Across recent institutional commentary, the balance of opinion leans bullish, with the majority pointing to sustained double-digit revenue growth, improving operating leverage, and stable mid-70.00% gross margins as the underpinning of the near-term setup. Well-known brokers emphasize continued traction in enterprise data streaming modernization and a healthy pipeline of expansion opportunities, arguing that the transition toward higher cloud mix supports better predictability and steadily improving profitability. Several previews highlight that last quarter’s outperformance on EBIT and adjusted EPS sets a constructive baseline, and that the current quarter’s revenue forecast of USD 308.06 million is achievable if large-deal timing remains on track and usage trends are steady. The dominant view expects guidance to reinforce an improved operating framework, with particular attention to any commentary on dollar-based net retention and progress in large-account expansions, both of which are seen as catalysts for multiple support.

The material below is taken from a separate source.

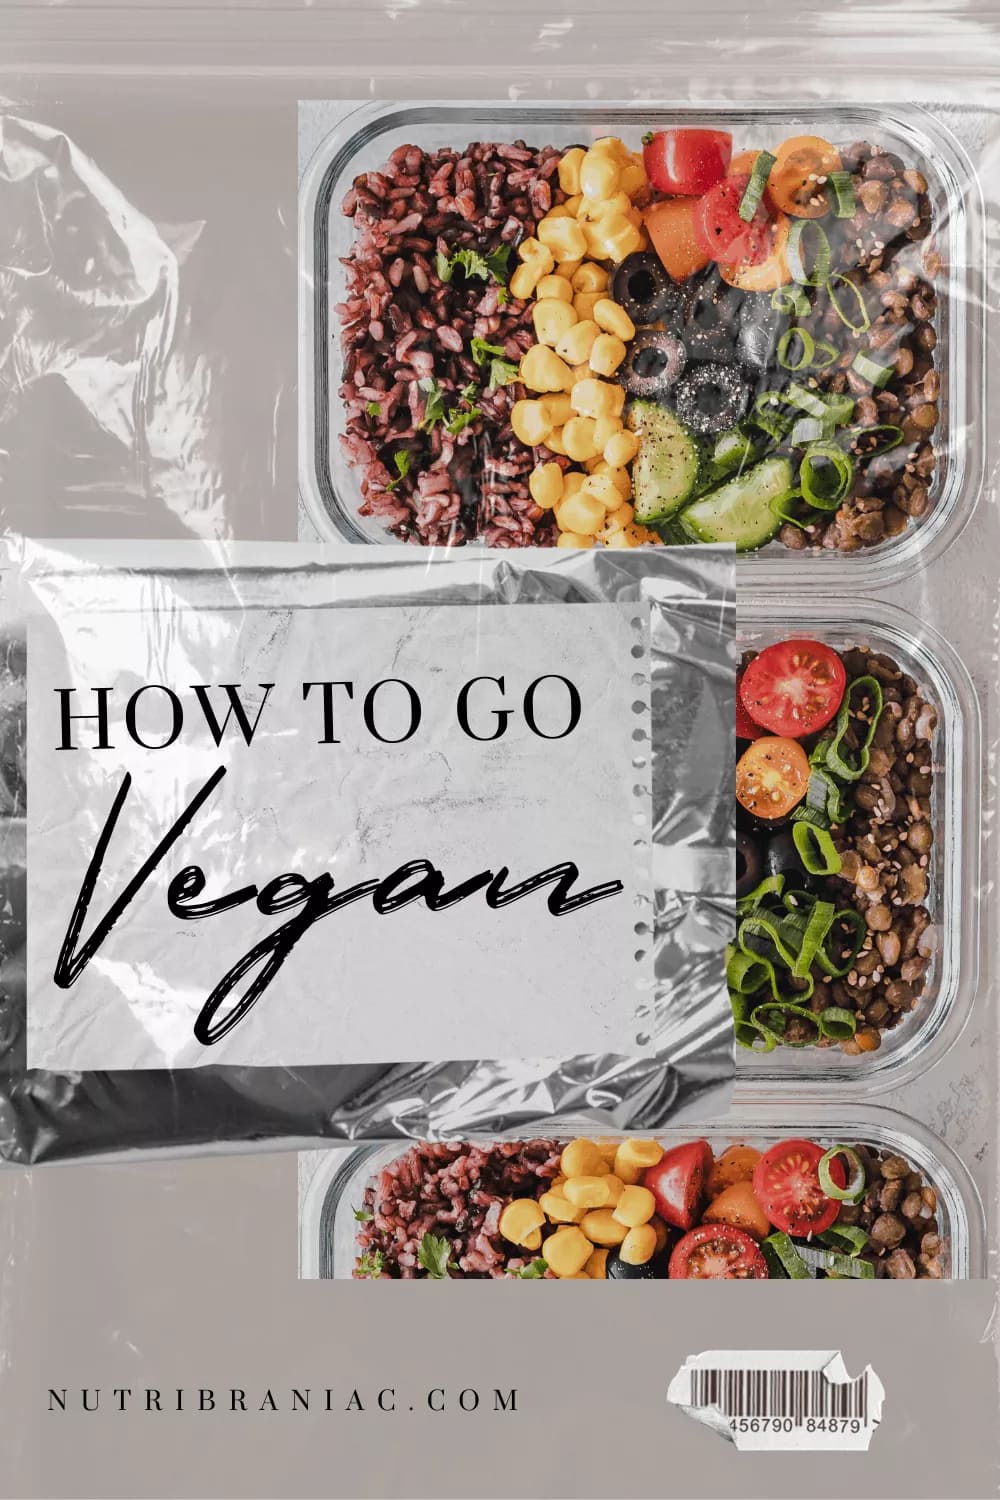 image of plant-based meal prep, 3 glass containers of quinoa salad, with text overlay, "How To Go Vegan"

Disclaimer: Investing carries risk. This is not financial advice. The above content should not be regarded as an offer, recommendation, or solicitation on acquiring or disposing of any financial products, any associated discussions, comments, or posts by author or other users should not be considered as such either. It is solely for general information purpose only, which does not consider your own investment objectives, financial situations or needs. TTM assumes no responsibility or warranty for the accuracy and completeness of the information, investors should do their own research and may seek professional advice before investing.